3.3. Memory compression
VMware Tools was uninstalled, thus ballooning cannot be used. In this way, first compression is used when the host runs out of memory.
It can be seen, that granted starts to decrease as memory is compressed.
3.4 Swapping & compression
Test: VMware Tools uninstalled + high memory activity inside the guest + 300 MB limit on the VM.
When ballooning is not active, and the memory pressure is even greater, ESX uses host level swapping:
The values of the performance metrics obtained through PowerCLI:
What can be seen from the numbers:
- If swaptarget > swapped, then ESX starts to swap. If pages are moved to the swap file, then swapout increases.
- Pages are only moved back to the memory when they are needed, in this case swapin increases.
- Both swapout and swapinare cumulative counters, which start when the VM is powered on.

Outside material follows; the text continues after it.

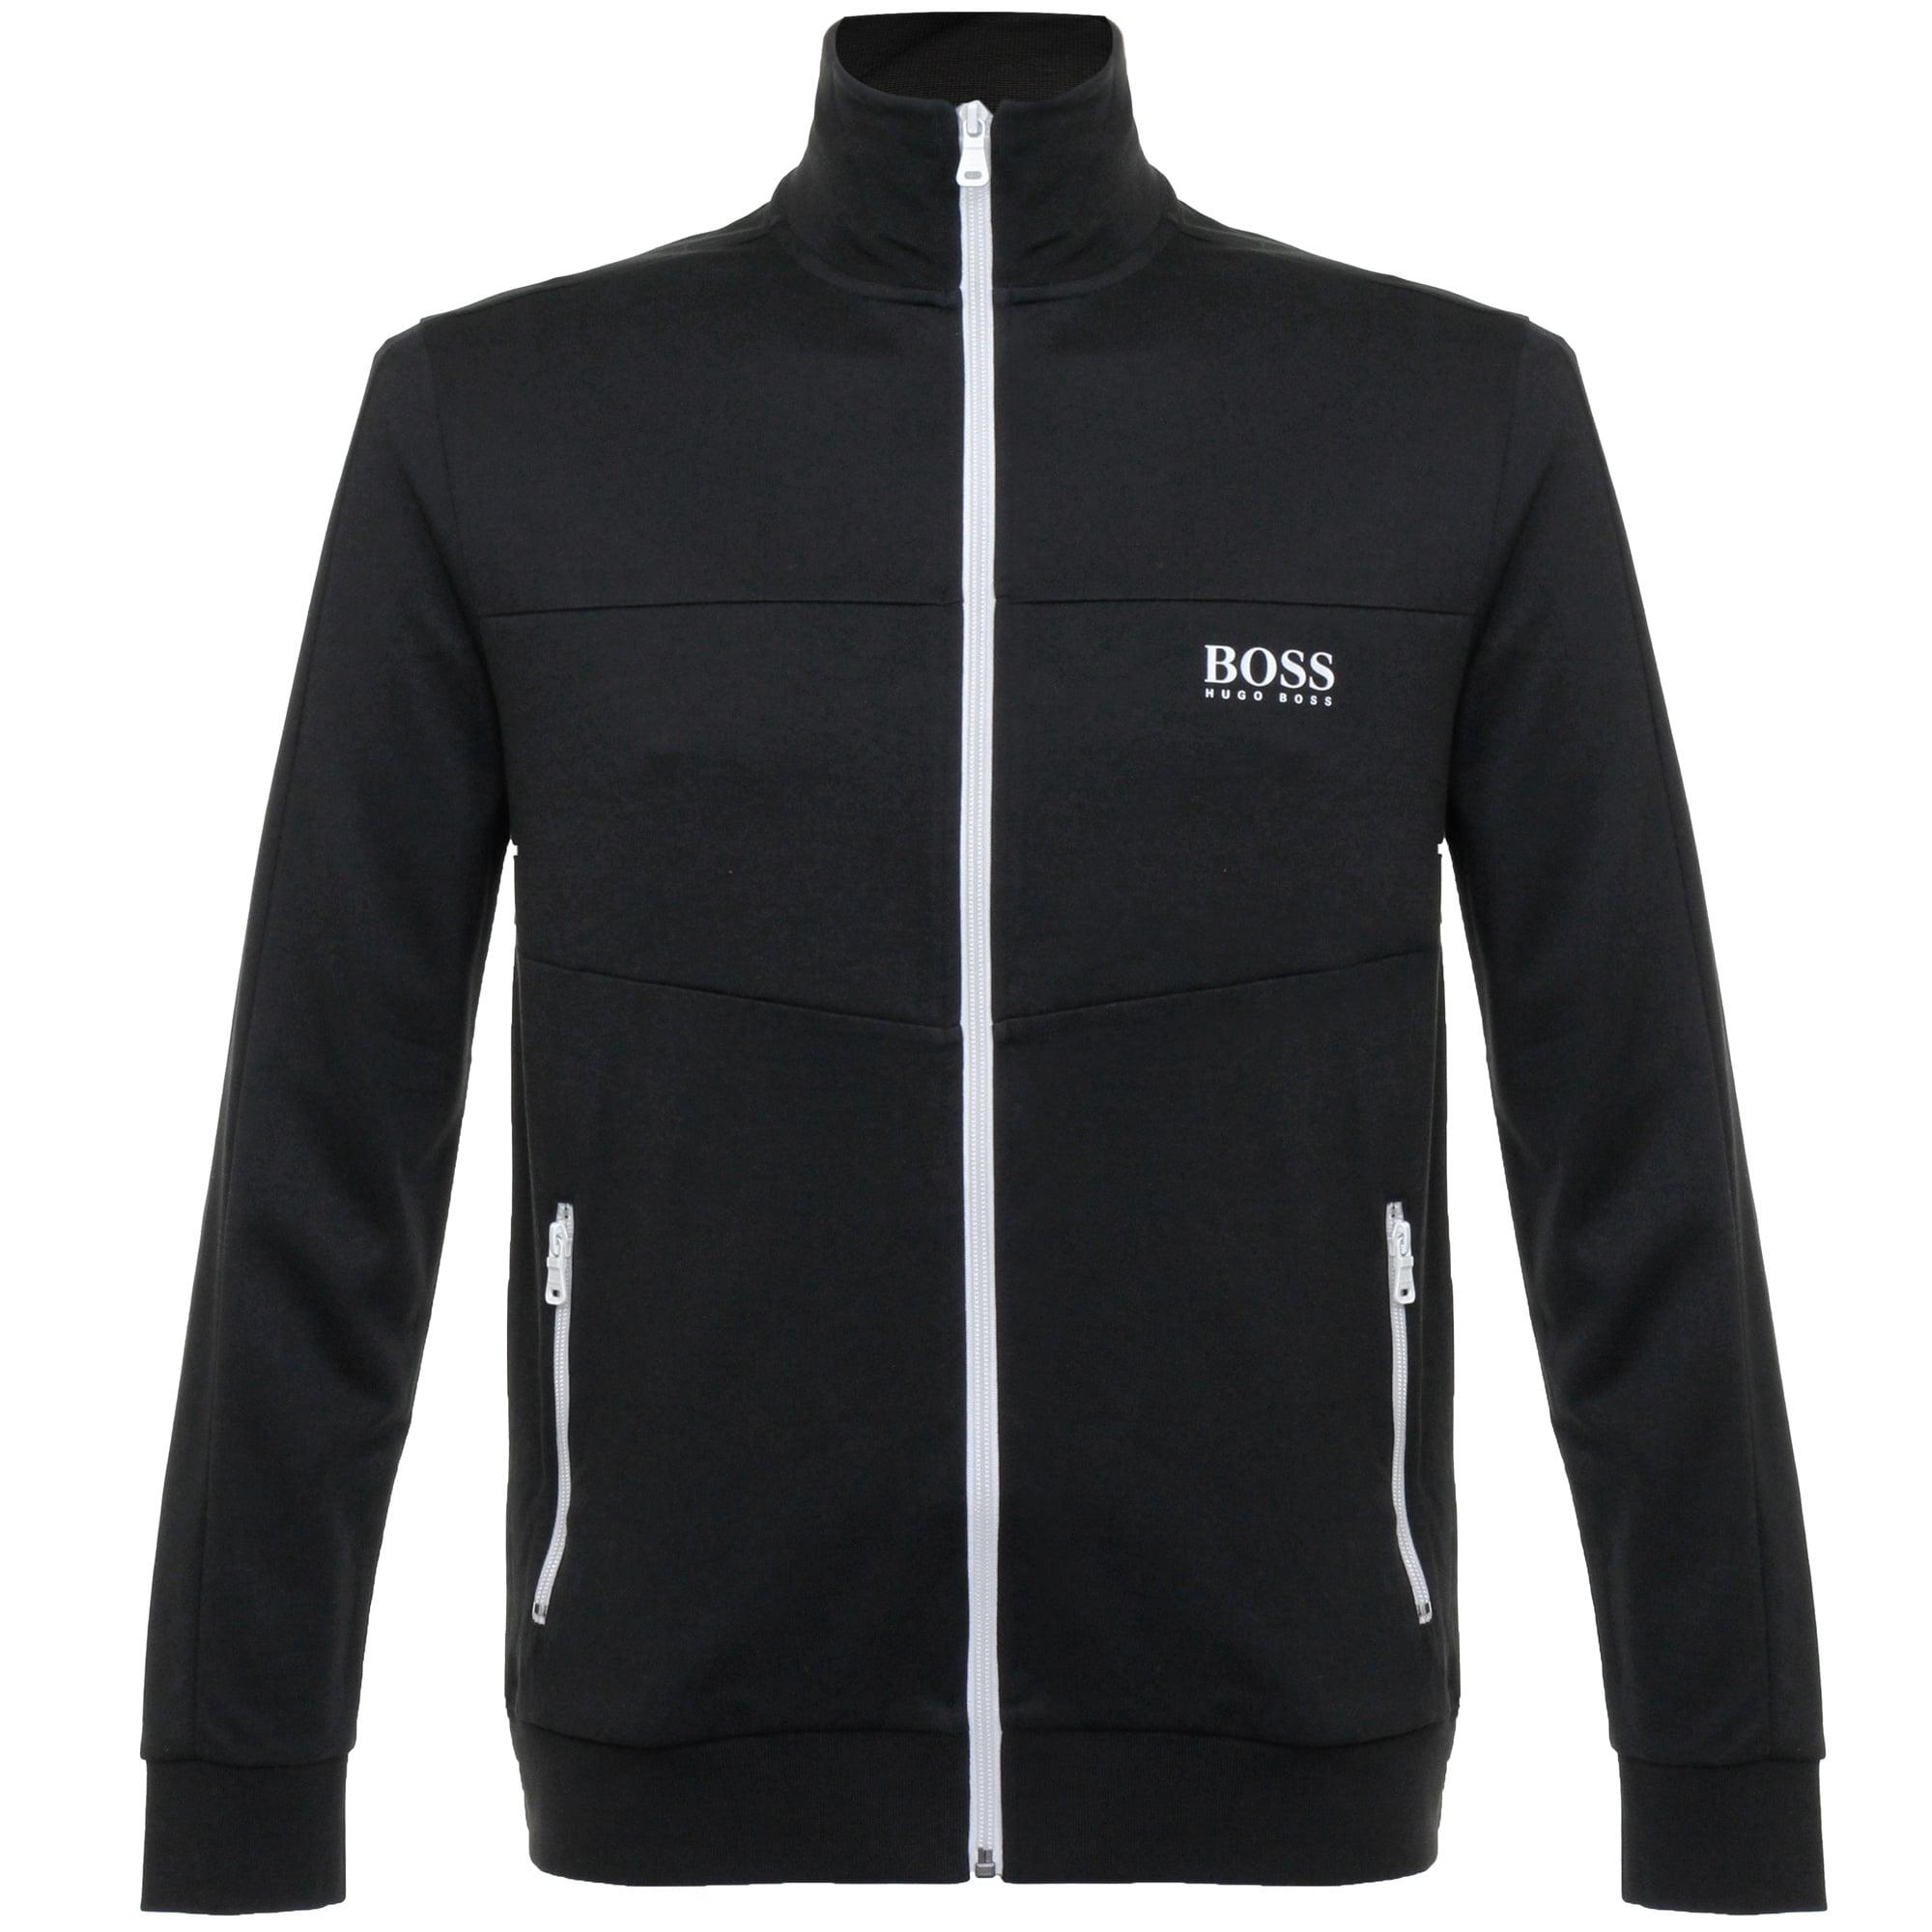 7e9ca9fabb0 Hugo Boss Jacket Zip Black Track Top 50330999

- swapped = swapout – swapin
Conclusion: we can relax, as the numbers (more or less) backed up the theoretical calculations of the different metrics. Thus the summary figure can help to answer our initial question of what metrics should be consulted about the VM’s memory consumption.
Update: You can find a version of the PowerShell script for collecting statistics here. This is a slightly newer version, I used it with vCenter 5, but probably it works also for vCenter 4. The metric names and the name of the vCenter to query is hardcoded, but after adjusting these the script should work. However, I only tested it in a simple environment.